### Aim of the task
The lines below must be transcribed exactly as given, with the images removed.

*** Extracted data Section Begins ***

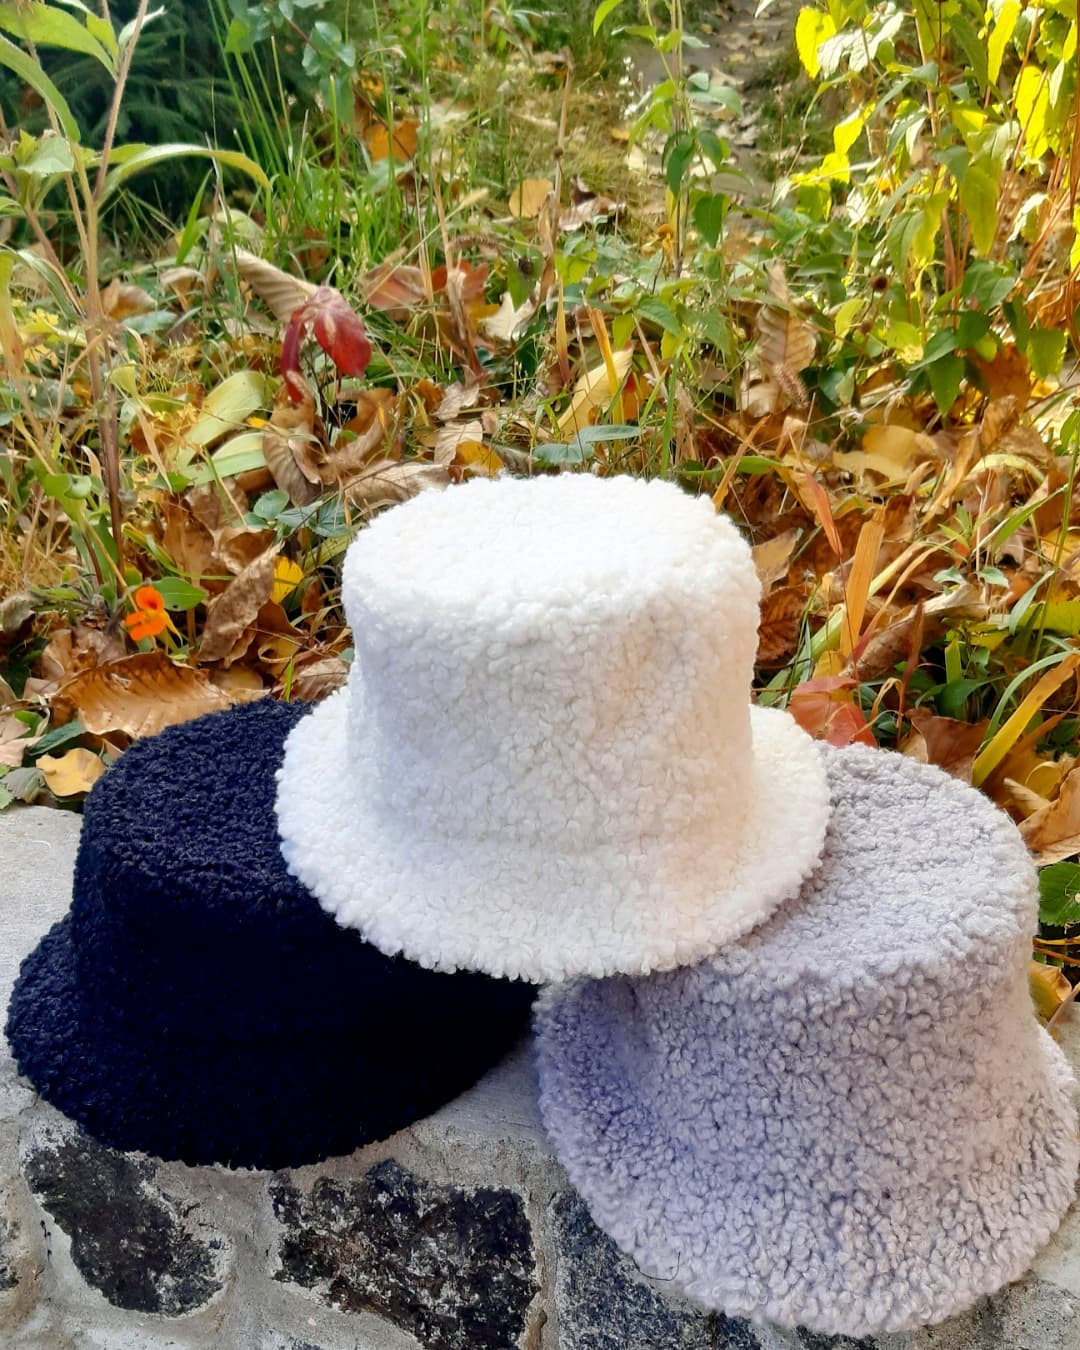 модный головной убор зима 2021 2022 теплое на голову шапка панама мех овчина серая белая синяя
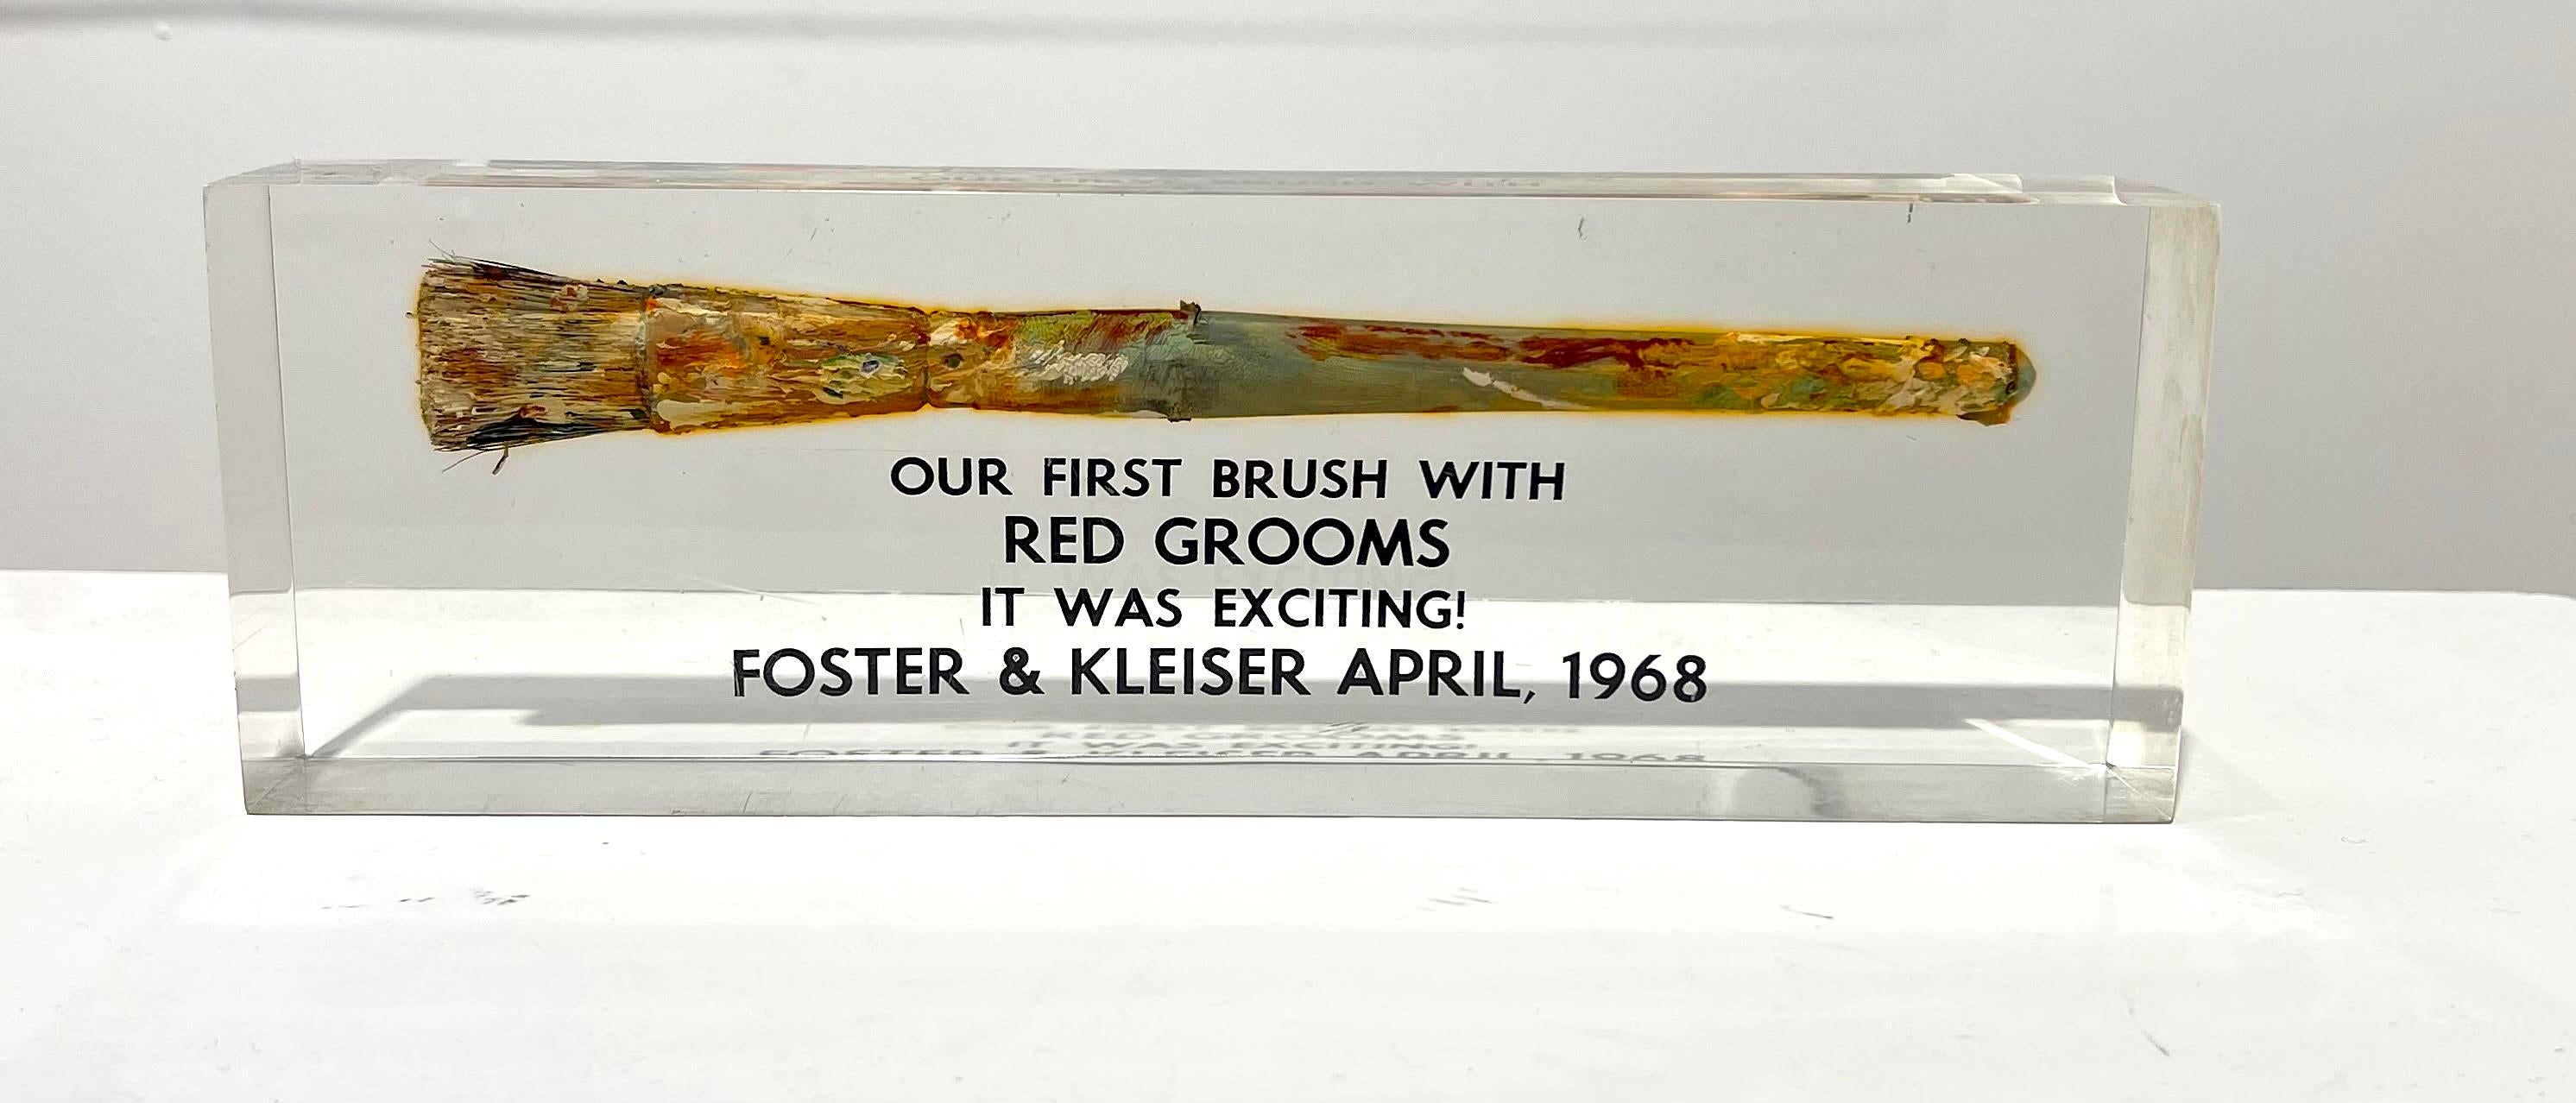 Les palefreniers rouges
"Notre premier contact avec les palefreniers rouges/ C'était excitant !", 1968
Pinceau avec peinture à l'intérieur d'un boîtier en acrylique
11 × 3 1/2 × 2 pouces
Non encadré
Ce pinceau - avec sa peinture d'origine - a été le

*** Extracted data Section Ends ***

### Exercise output
 модный головной убор зима 2021 2022 теплое на голову шапка панама мех овчина серая белая синяя
 Les palefreniers rouges
"Notre premier contact avec les palefreniers rouges/ C'était excitant !", 1968
Pinceau avec peinture à l'intérieur d'un boîtier en acrylique
11 × 3 1/2 × 2 pouces
Non encadré
Ce pinceau - avec sa peinture d'origine - a été le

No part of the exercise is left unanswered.